Opinion issued March 22, 2007
In The
Court of Appeals
For The
First District of Texas
NO. 01-06-00589-CV
CHUCK OKO, Appellant
V.
SAMUEL OGUNTOPE, Appellee
On Appeal from County Civil Court at Law No. 4 (1)
Harris County, Texas
Trial Court Cause No. 817272
MEMORANDUM OPINION
Appellant, Chuck Oko, appeals from a judgment in the amount of $2,334 in
damages and $9,500 in attorney's fees, which was rendered after a bench trial in favor
of appellee, Samuel Oguntope, on his claim of fraud. We determine (1) whether
appellant sufficiently presented his challenge that the trial court erred by rendering
judgment in favor of appellee because the evidence showed that appellant was
authorized to enter into settlement negotiations; (2) whether the evidence was legally
and factually insufficient to prove that appellant made a material representation to
appellee that there was a settlement agreement; and (3) whether the trial court erred
by awarding "an excessive amount of attorney's fees." We affirm.Background
On January 23, 2003, Emmanuel Ajibade was awarded a judgment ("the
Ajibade judgment") against appellee in the amount of $4,000, plus interest and
$5,500 in attorney's fees. Ajibade had retained Okorafor & Associates (also referred
to in the record as Okorafor & Mgbaraho) ("the law firm") to represent him against
appellee. James Okorafor and appellant were lawyers at the law firm. While at the
law firm, appellant prepared and filed legal documents and attended hearings in
Ajibade's case. The law firm was restructured and eventually dissolved. Okorafor
represented Ajibade after the dissolution of the law firm.

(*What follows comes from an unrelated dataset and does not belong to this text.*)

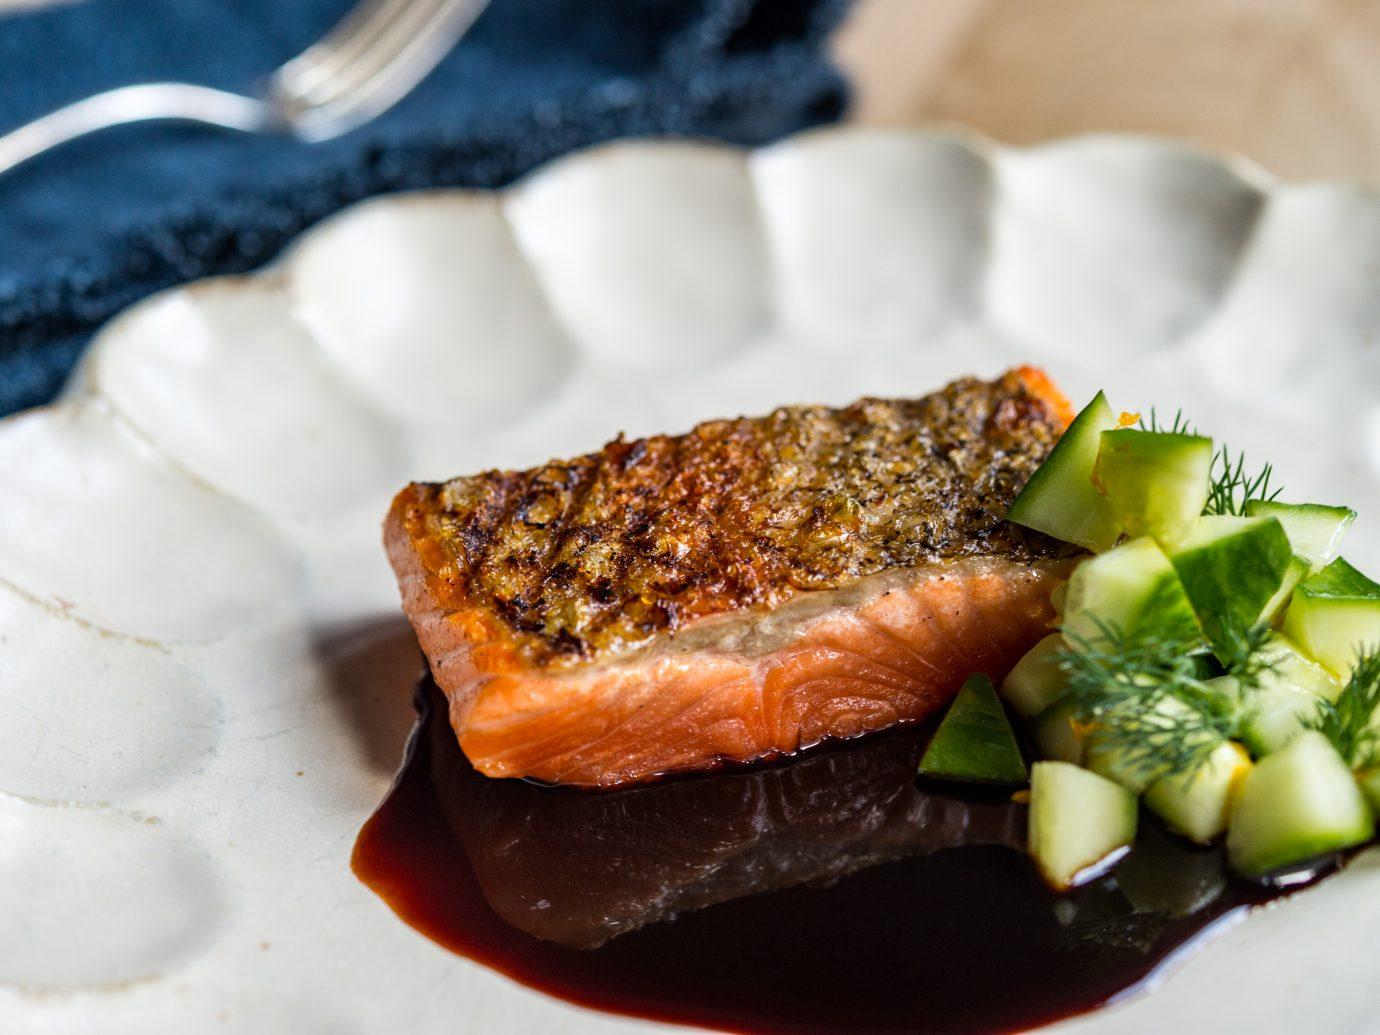 Salmon In Sauce Meurette at La Mercerie

Appellant sought a writ of execution for the Ajibade judgment against appellee.
As a result, appellee contacted appellant and entered into negotiations with him to
"settle" the Ajibade judgment. At the time that appellant filed the writ of execution
and engaged in negotiations with appellee, appellant was no longer affiliated with the
law firm. Appellant contacted Ajibade, who did not know that appellant was no
longer with the law firm, and informed Ajibade that appellee wanted to settle the
Ajibade judgment. Ajibade told appellant that he "[could] not accept appellee's
money . . . ." Appellant accepted three payments from appellee totaling $2,334, but
did not tender the money to Ajibade; instead, he deposited the money into his trust
account. After receiving those payments, appellant contacted appellee and demanded
more money. Appellant then sought another writ of execution against appellee on the
Ajibade judgment.
After appellee discovered that appellant did not have the authority to settle the
Ajibade judgment, he filed the suit underlying this appeal against appellant. In his
petition, appellee alleged that appellant was "acting without authority and defrauding
[appellee] out of [appellee's] money" and requested that the trial court "declare that
the Writ of Execution and the settlement agreement was done without authority and
[appellee] is entitled to have his money returned to him plus additional damages [that
appellee] incurred."
At trial, appellee introduced an "Agreement Regarding the Final Judgment
Against Samuel Oguntope" ("the settlement agreement"), which stated that appellee
agree to settle the Ajibade judgment against him for $6,500. The settlement
agreement stated that appellee would pay to appellant $1,500 on March 30, 2004 and
the balance in monthly installments of $417, with the final payment to be made on or
before April 2005. The settlement agreement was signed by appellee and notarized
by Babs Olodade. The signature portion of the agreement was partially covered with
a receipt signed by appellant, dated on March 30, 2004, for $1,500. (2)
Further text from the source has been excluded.